NEW YORK —  Payroll employment in the United States rose by 173,000 in August. That was a smaller gain than the 218,000 increase that had been expected by markets but followed upwardly revised 245,000 increases in each of July (previously 215,000) and June (was 231,000), RBC Economics reported.

The unemployment rate, which is calculated from the separate household survey, declined to 5.1 percent in August from 5.3 percent in July, with the participation rate unchanged at 62.9 percent. The unemployment rate is now right in the middle of the 5.0 percent to 5.2 percent range that the Federal Open Market Committee views as consistent with its long-run trend rate.

Private-sector employment rose by 140,000 in August following a 224,000 (was 210,000) increase in July. Government employment rose by 33,000, boosted in part by a 23,000 jump in local government education jobs.

Goods-producing employment declined by 24,000, with declines in manufacturing (-17,000) and mining (-10,000) jobs offset only partially by a small 3,000 increase in construction employment. Service-sector employment rose by 164,000, which was below the 211,000 (was 193,000) increase in July.

The private-sector workweek rose to 34.6 hours from 34.5 hours in July. Along with the gain in headcount, this resulted in a 0.4 percent increase in aggregate hours worked in August that was stronger than the 0.2 percent gains in each of July and June. The average level of this index during July and August was up by 2.3 percent from its second-quarter average, which remains indicative of solid above-potential GDP growth continuing into the third quarter of 2015.

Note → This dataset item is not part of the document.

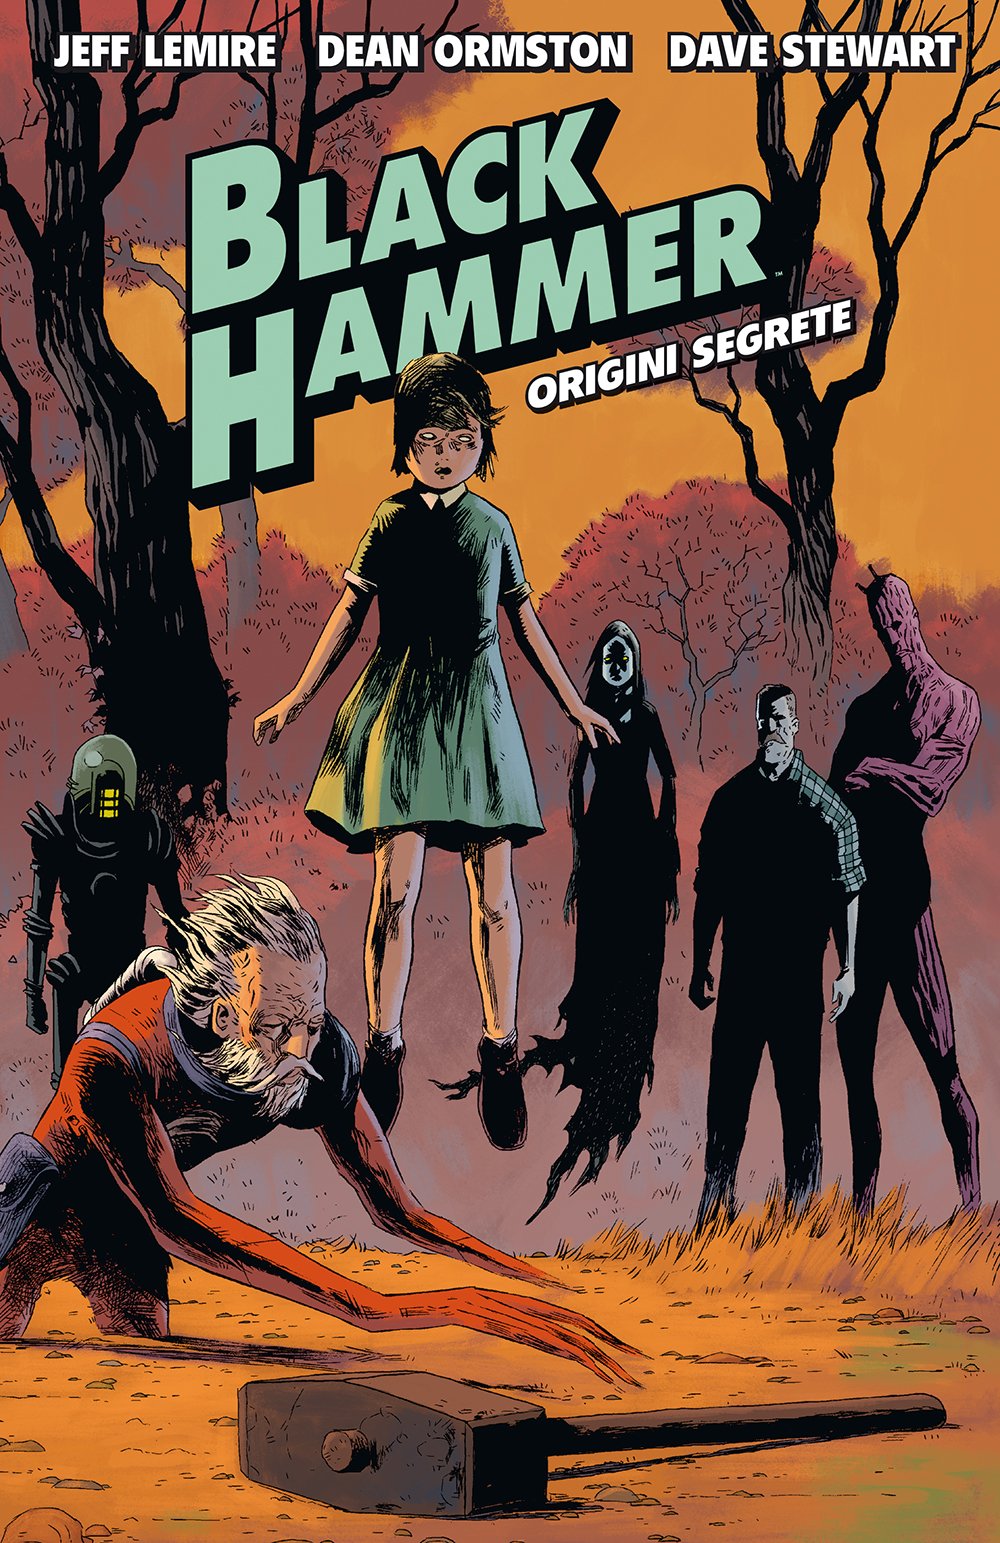 Black Hammer #01 - Origini Segrete

Consistent with some further tightening in labor markets, average hourly earnings rose by 0.3 percent on a month-over-month basis in August, which was slightly stronger than expectations for a 0.2 percent gain, said Nathan Janzen, senior RBC economist. Wage growth on a year-over-year basis remained at 2.2 percent, which was unchanged from July.

“The employment gain in August was smaller than expected; however, upward revisions to prior months take much of the sting out of the disappointment in the monthly reading,” said Janzen. “A larger-than-expected drop in the unemployment rate to the middle of the FOMC participants’ estimate of its long-run trend range of 5.0 percent to 5.2 percent suggested that labor market slack continued to diminish.

“Indeed, although employment growth may well bounce back in coming months, at some point, hiring should slow as shrinking slack in labor markets coupled with weak underlying demographic growth in the working-age population increasingly become a factor restraining labor supply and businesses’ ability to hire,” he explained.

“Quarter-to-date hours worked remain consistent with our expectation that GDP rose at an above-potential 3.0 percent rate in the third quarter of 2015 following a 3.7 percent jump in the second quarter,” said Janzen. “Economic conditions, on their own, remain strong enough to justify higher interest rates, with our current forecast assuming that the first increase in the fed fund target follows the September 16 and 17 FOMC meeting, although recent financial market volatility also remains a concern and could prompt further delays if it persists.”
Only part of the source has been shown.